As you can see, New Year's Resolutions often fail with good reason! It is important to consider where your motivation for change is coming from. In other words, is there an external or an internal motivator for the change your wish to make? If your goal is to lose weight, is your doctor or your partner telling you that you must lose weight or is the desire coming from within? Do you "kind of, sort of" want to lose the weight and start exercising or are you committed to doing what it takes to make fitness a lifestyle? How bad do you want it?
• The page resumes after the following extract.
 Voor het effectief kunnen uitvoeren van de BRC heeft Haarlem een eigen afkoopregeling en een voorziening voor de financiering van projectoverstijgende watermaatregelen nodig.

The bottom line is that you must find what you are passionate about in order to make any lasting lifestyle changes. If you are committed to starting an exercise program, you need to find something you enjoy doing or you will not stick with it over the long-haul. External motivators may be enough to get you started and give you some momentum, but motivation must, ultimately, come from within in order for change to last. When you are truly motivated, you are passionate about what you are doing and you have a "just try to stop me" attitude!
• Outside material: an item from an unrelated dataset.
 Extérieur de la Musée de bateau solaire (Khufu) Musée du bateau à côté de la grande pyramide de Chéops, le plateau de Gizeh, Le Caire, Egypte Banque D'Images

New Year's Eve is, arguably, the worst time of the year to set "resolutions". People have just made it through the holiday season which comes with changes in schedules, altered eating habits, missed workouts, and all sorts of good and bad stressors. They are usually emotionally, physically, and financially "spent".

It would be preferable to assess your goals on an ongoing basis throughout the year and look forward to achieving new goals in the New Year. Put your goals in writing and reevaluate them continually. It is perfectly okay to tweak your goals if they no longer serve you. Keep a planner, stay organized, and track your progress!

Remain flexible and keep an excellent sense of humor! Remember you are human! Make sure you have a strong support network in place. Rely on your friends and family for moral support. If necessary, consult a professional (e.g., hire a life coach to help you maintain focus and enhance your confidence as your reach for your goals).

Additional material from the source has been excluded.